There is a review of the work of Todd Park. Companies profiled here include Opower, Zillow, GreenButton, and M-Labs.

- New Companies to Manage the Data Deluge
Topics covered include Digital Accountability and Transparency Act of 2014 and HealthCare.gov.

Companies mentioned include SAP SE, SAS Institute, and Esri.

- Data-Driven Investing - New Tools for Business Analysis
An overview is given of open data and the U.S. Securities and Exchange Commission, EDGAR, and XBRL.

- Green Investing - Betting on Sustainability Data
Organizations profiled include the Carbon Disclosure Project, Unilever, and GoodGuide. There is some discussion of the Dodd–Frank Wall Street Reform and Consumer Protection Act.

- Savvy Marketing - How Reputational Data Defines your Brand
There is a discussion of bill shock and why and how it occurs. The Consumer Financial Protection Bureau is presented. The concept of a user review is discussed.

- The Marketing Science of Sentiment Analysis
Reputation management, review websites, and more about user reviews is presented. Content analysis and sentiment analysis are described as fields of research in evaluating reviews.

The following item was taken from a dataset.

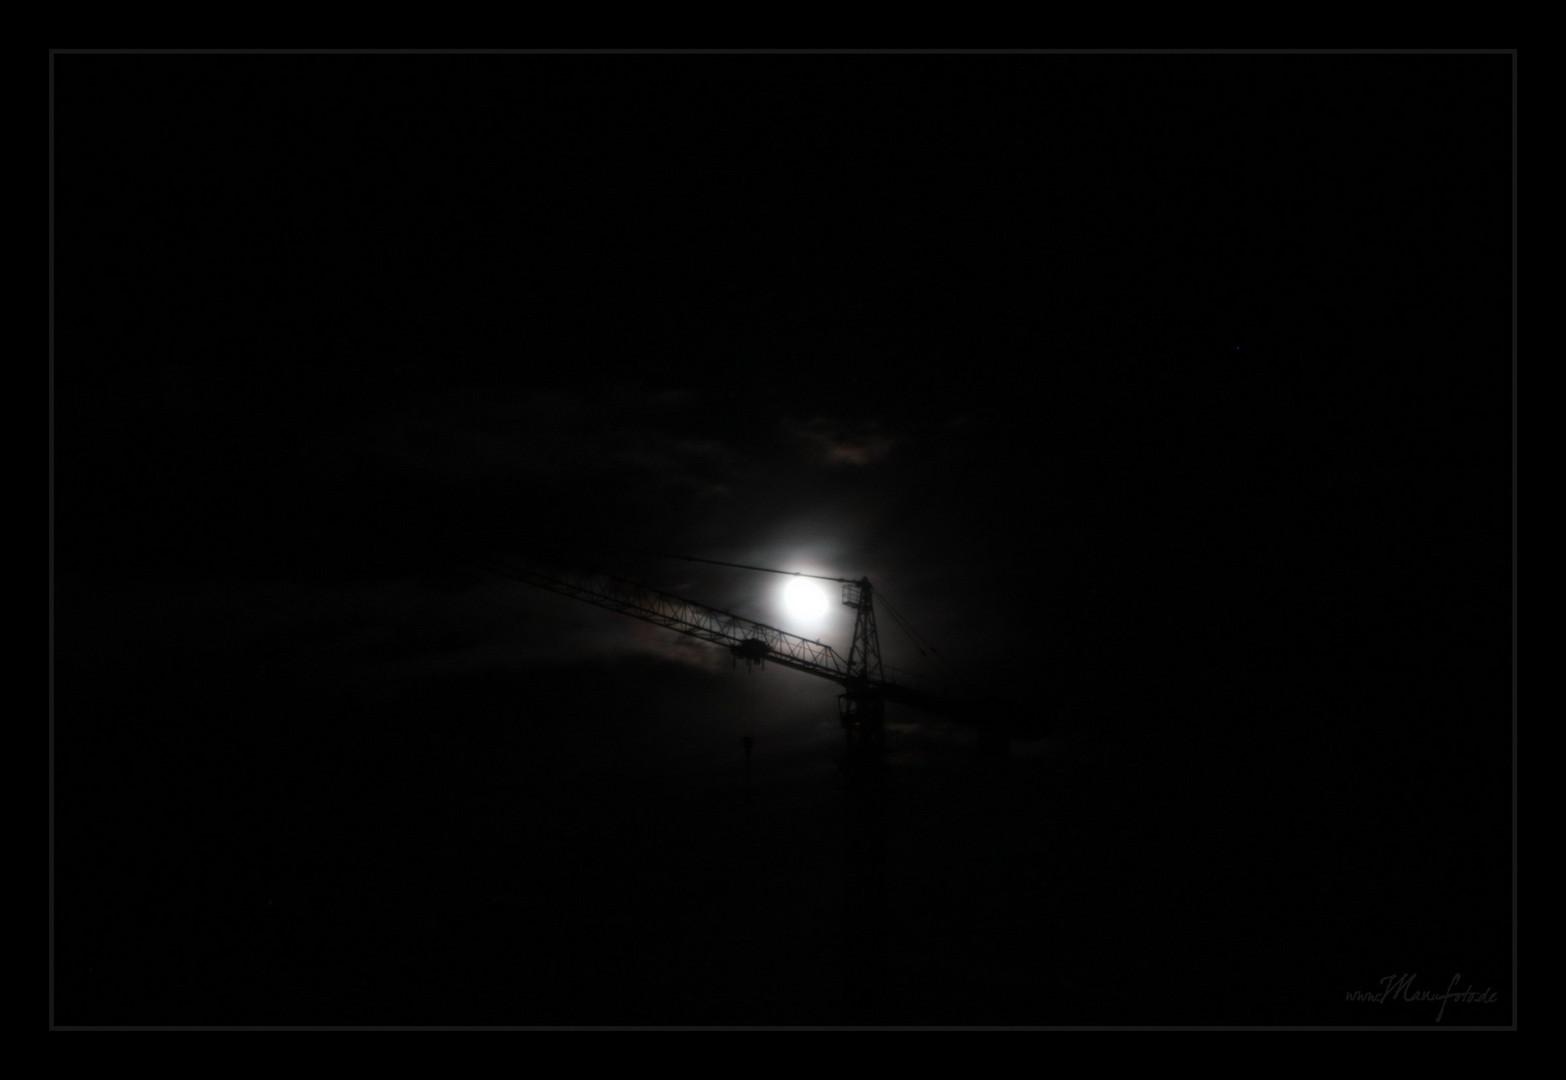 Lichtkugel in Gefangenschaft

- Tapping the Crowd for Fast Innovation
The author presents two models for crowdsourcing. Consider a project organizer who wishes to recruit people to accomplish some task. One method for crowdsourcing could be to sort through a crowd, but identify a small set of people who have expert skills, and then provide special support to encourage them to engage with a project. A project example with this model might be a government convening a funded contest. In another crowdsourcing model, a project organization might provide a little support which is available universally, in hopes that the public will contribute to the project without individuals being given personal attention from the project organizer. Zooniverse is an example of this model with less personal support.

Stack Exchange, TechCrunch, Wikipedia, and InfoArmy are profiled.

- The Open Research Lab - Innovating through Open Collaboration
Reviews of The Wisdom of Crowds and Reinventing Discovery are given. The concept of open science is presented. Profiles of Rufus Pollock and Aaron Swartz are given. The Human Genome Project, PatientsLikeMe, AllTrials, The Cost of Knowledge, Access2Research, and PLOS are profiled. There is a lot of discussion of how open access relates to many other fields.

===Part 2===

- Privacy, Security, and the Value of Personal Data
The Global surveillance disclosures (2013–present) are described. Concepts of personally identifiable information, privacy, and information privacy are discussed. Alex Pentland's 2009 idea "New Deal on Data" is given as an example of a usable privacy policy. Reputation.com is given as a case study on personal data services.

- Doing Business in a See-Through Society
Sunlight Foundation, Global Witness, Project On Government Oversight, mySociety, ProPublica, and Center for Public Integrity are profiled as organizations which use open data to encourage commentary on business practices.

- Government and Data – Setting the Rules for an Open World
There is more coverage of the Digital Accountability and Transparency Act of 2014, mentioned elsewhere in the book, and here the law's close relationship with President Obama's public image is discussed. The US Freedom of Information Act is explained. A call is made to establish a Consumer Privacy Bill of Rights.

- The Open Data Future
Lists of advice are given for different kinds of businesses. Advice for small companies includes identifying open data marketing opportunities where there is little competition. Advice for larger companies includes starting to share and use open data immediately, so that the company can begin to grow a culture of discussing the concept.